Trump, for all his absurdity and venality, does not condescend to his followers in a traditional way. They aspire to be him and he believes, fully, he is better than them, and doesn’t hide it. He can shoot people, after all, and keep the cult going. He also treats them like a fan base, tossing merch into the crowd, telling outlandish jokes to keep them occupied. He makes them feel a part of something far larger than themselves. Some of them will believe, falsely, the election was stolen. And some of the 70 million—maybe a large majority—will probably move on. They have lives to live, mouths to feed, jobs to hurry to. Politics cannot consume them. Talk of coups and imminent fascism will recede from them as they tune out from the 2020 spectacle. Politics can only be the sport of choice for so long. Some will choose to engage again and others won’t. Trump will lie, until he dies, that he really won the election, that it was all stolen from him by dirty Democrats. He will say the lie enough to believe it himself. Deranged to much of us, he will inhabit a Lost Cause of his own design. As we move away from this moment, we should study it. Though a fraud and a con man, Trump won tens of millions of votes in two national elections. He found new converts beyond his white working class base. This is America too. We should try to understand why.

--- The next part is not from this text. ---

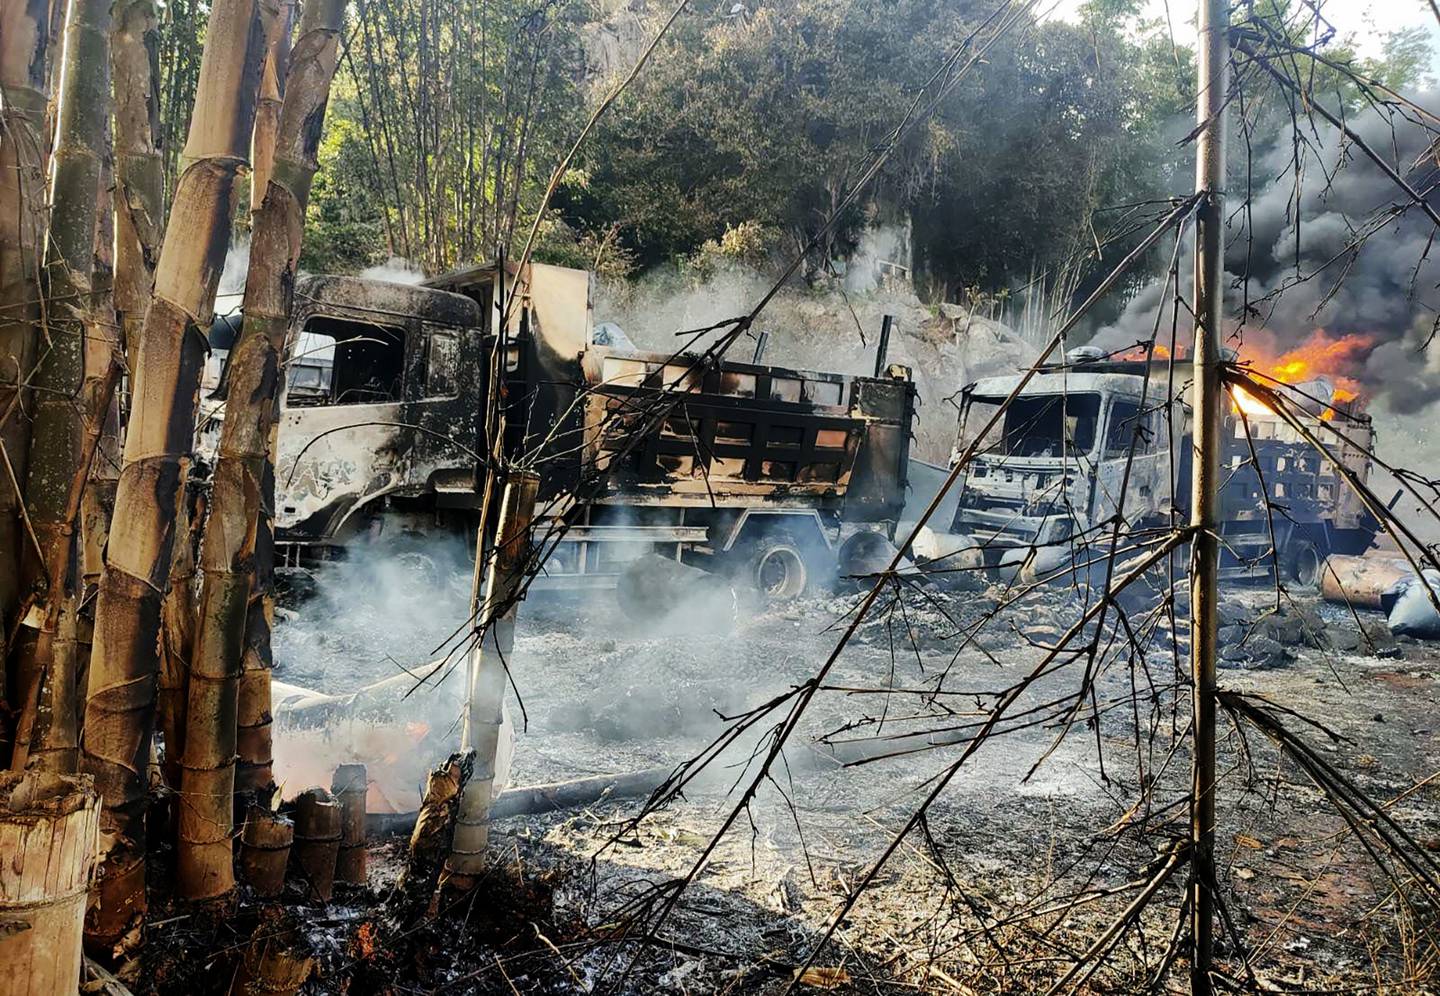 In this photo provided by the Karenni Nationalities Defense Force (KNDF), smokes and flames billow from vehicles in Hpruso township, Kayah state, Myanmar, Friday, Dec. 24, 2021. Myanmar government troops rounded up villagers, some believed to be women and children, fatally shot more than 30 and set the bodies on fire, a witness and other reports said Saturday. (KNDF via AP)

Biden has supporters. Trump has a fanbase. That's my takeaway from the article, and that insight alone made the read worth it. But Mike Pence or Don Jr. can't pick up Trumpism and just play covers. A cover band does not fill stadiums. Trumpism is over. All future tour dates are cancelled. Fans hungry for encores will see shows where imitators play "Build the Wall" "Lock Her Up" and all the other favorites from the first album, but it won't be the same without the leading man. Cover bands pander, but Trump's genuine contempt for his fans is what made him seem like a rock star. It's something that other politicians will not dare do, because they deep down want to please supporters. Trump seemed manly because he transparently only wanted to please himself.
One of the best explanations of Trumpism I've read. Thanks.